If you use this data for a scientific publication, please consider citing our paper.
The data set contains landings from 176 (mostly) large airports from 44 different countries. The landings are labelled as performing a go-around (GA) or not. In total, the data set contains almost 9 million landings with more than 33000 GAs. The data was collected from OpenSky Network's historical data base for the year 2019. The published data set contains multiple files:
go_arounds_minimal.csv.gz
Compressed CSV containing the minimal data set. It contains a row for each landing and a minimal amount of information about the landing, and if it was a GA. The data is structured in the following way:
Column name
Type
Description
time
date time
UTC time of landing or first GA attempt
icao24
string
Unique 24-bit (hexadecimal number) ICAO identifier of the aircraft concerned
callsign
string
Aircraft identifier in air-ground communications
airport
string
ICAO airport code where the aircraft is landing
runway
string
Runway designator on which the aircraft landed
has_ga
string
"True" if at least one GA was performed, otherwise "False"
n_approaches
integer
Number of approaches identified for this flight
n_rwy_approached
integer
Number of unique runways approached by this flight
The last two columns, n_approaches and n_rwy_approached, are useful to filter out training and calibration flight. These have usually a large number of n_approaches, so an easy way to exclude them is to filter by n_approaches > 2.
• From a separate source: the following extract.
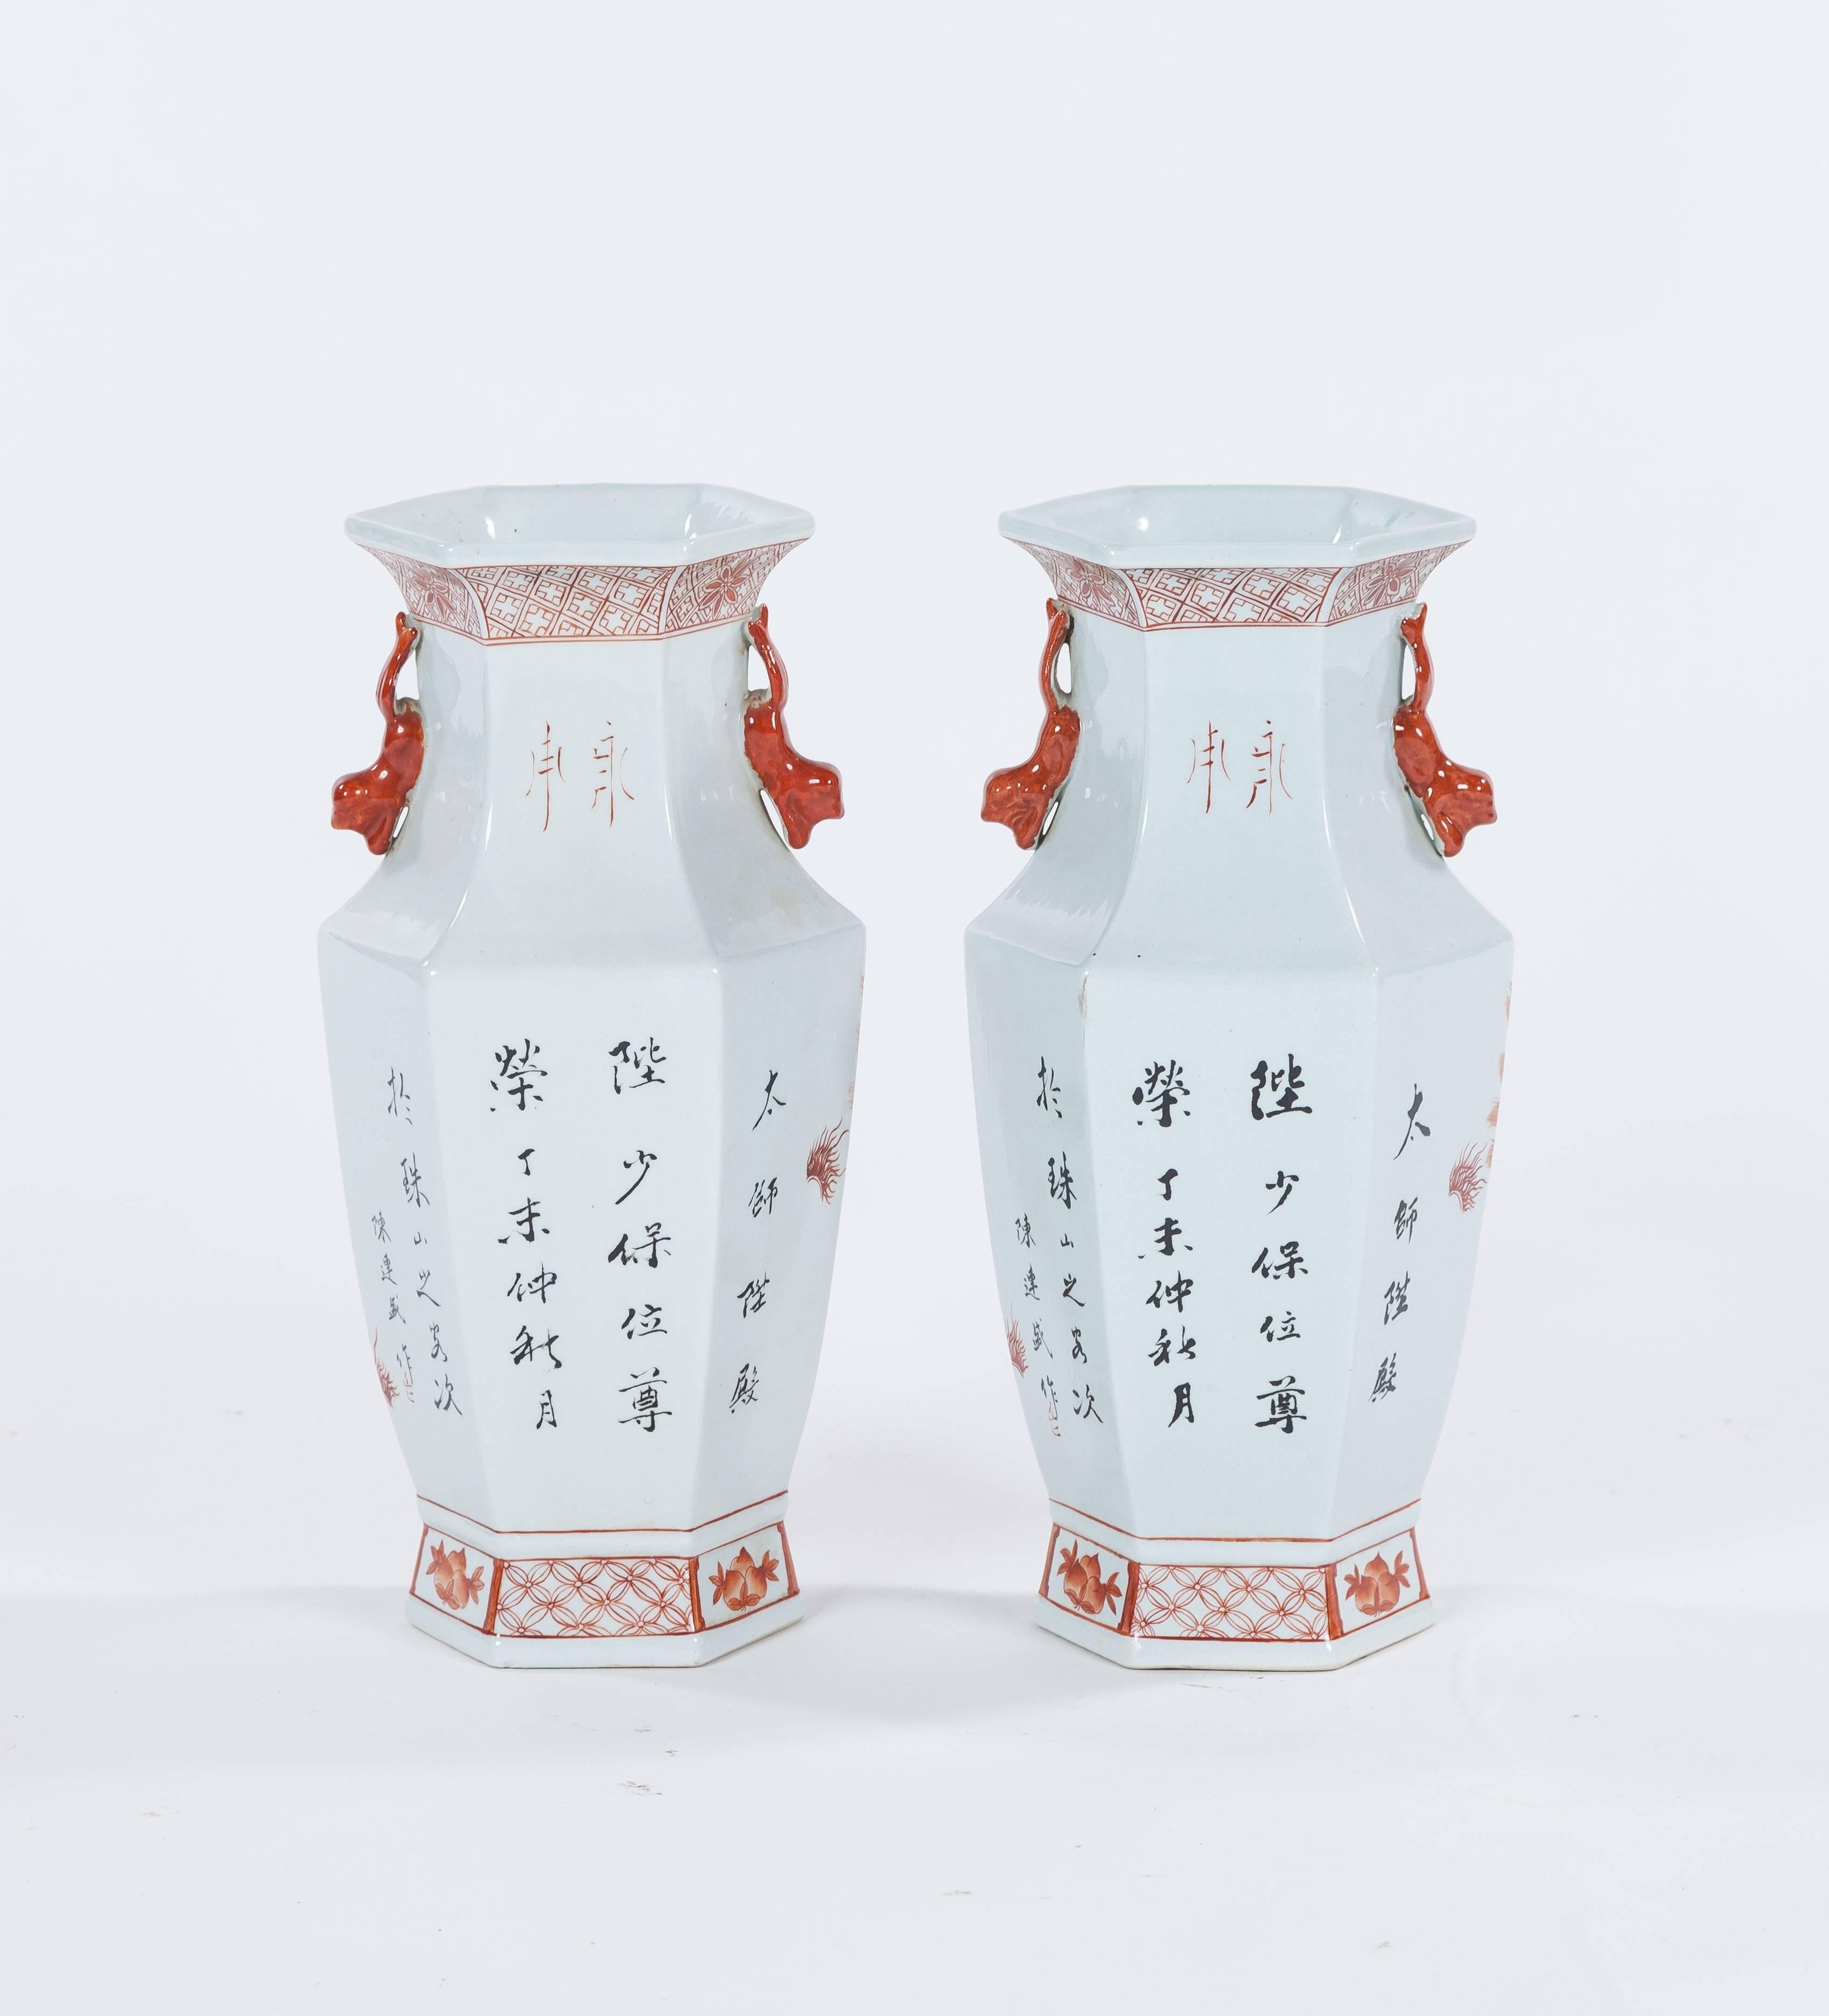 A set of two vintage orange and white Chinese porcelain vases dating to the early 20th century. Each vase measures approximately 7
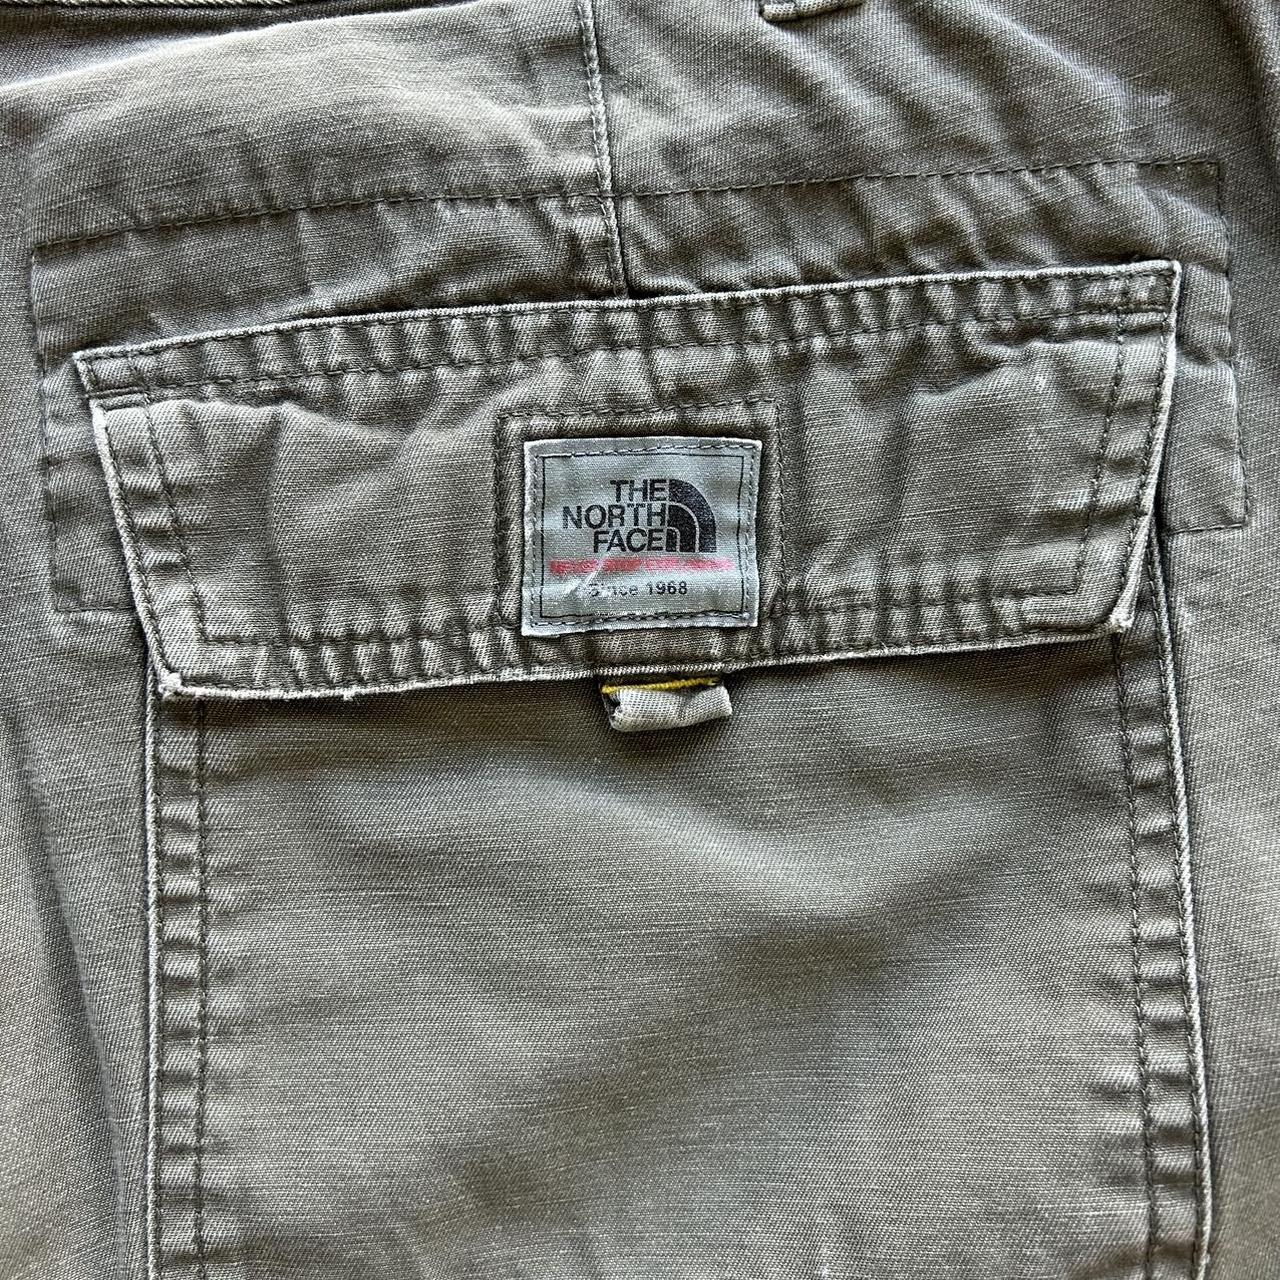 North Face A5 Series Cargo shorts Size 36

go_arounds_augmented.csv.gz
Compressed CSV containing the augmented data set. It contains a row for each landing and additional information about the landing, and if it was a GA. The data is structured in the following way:
Column name
Type
Description
time
date time
UTC time of landing or first GA attempt
icao24
string
Unique 24-bit (hexadecimal number) ICAO identifier of the aircraft concerned
callsign
string
Aircraft identifier in air-ground communications
airport
string
ICAO airport code where the aircraft is landing
runway
string
Runway designator on which the aircraft landed
has_ga
string
"True" if at least one GA was performed, otherwise "False"
n_approaches
integer
Number of approaches identified for this flight
n_rwy_approached
integer
Number of unique runways approached by this flight
registration
string
Aircraft registration
typecode
string
Aircraft ICAO typecode
icaoaircrafttype
string
ICAO aircraft type
wtc
string
ICAO wake turbulence category
glide_slope_angle
float
Angle of the ILS glide slope in degrees
has_intersection
string
Boolean that is true if the runway has an other runway intersecting it, otherwise false
rwy_length
float
Length of the runway in kilometre
airport_country
string
ISO Alpha-3 country code of the airport
airport_region
string
Geographical region of the airport (either Europe, North America, South America, Asia, Africa, or Oceania)
operator_country
string
ISO Alpha-3 country code of the operator
operator_region
string
Geographical region of the operator of the aircraft (either Europe, North America, South America, Asia, Africa, or Oceania)
wind_speed_knts
integer
METAR, surface wind speed in knots
wind_dir_deg
integer
METAR, surface wind direction in degrees
wind_gust_knts
integer
METAR, surface wind gust speed in knots
visibility_m
float
METAR, visibility in m
temperature_deg
integer
METAR, temperature in degrees Celsius
press_sea_level_p
float
METAR, sea level pressure in hPa
press_p
float
METAR, QNH in hPA
weather_intensity
list
METAR, list of present weather codes: qualifier - intensity
weather_precipitation
list
METAR, list of present weather codes: weather phenomena - precipitation
weather_desc
list
METAR, list of present weather codes: qualifier - descriptor
weather_obscuration
list
METAR, list of present weather codes: weather phenomena - obscuration
weather_other
list
METAR, list of present weather codes: weather phenomena - other
This data set is augmented with data from various public data sources. Aircraft related data is mostly from the OpenSky Network's aircraft data base, the METAR information is from the Iowa State University, and the rest is mostly scraped from different web sites. If you need help with the METAR information, you can consult the WMO's Aerodrom Reports and Forecasts handbook.
go_arounds_agg.csv.gz
Compressed CSV containing the aggregated data set. It contains a row for each airport-runway, i.e. every runway at every airport for which data is available. The data is structured in the following way:
Column name
Type
Description
airport
string
ICAO airport code where the aircraft is landing
runway
string
Runway designator on which the aircraft landed
n_landings
integer
Total number of landings observed on this runway in 2019
ga_rate
float
Go-around rate, per 1000 landings
glide_slope_angle
float
Angle of the ILS glide slope in degrees
has_intersection
string
Boolean that is true if the runway has an other runway intersecting it, otherwise false
rwy_length
float
Length of the runway in kilometres
airport_country
string
ISO Alpha-3 country code of the airport
airport_region
string
Geographical region of the airport (either Europe, North America, South America, Asia, Africa, or Oceania)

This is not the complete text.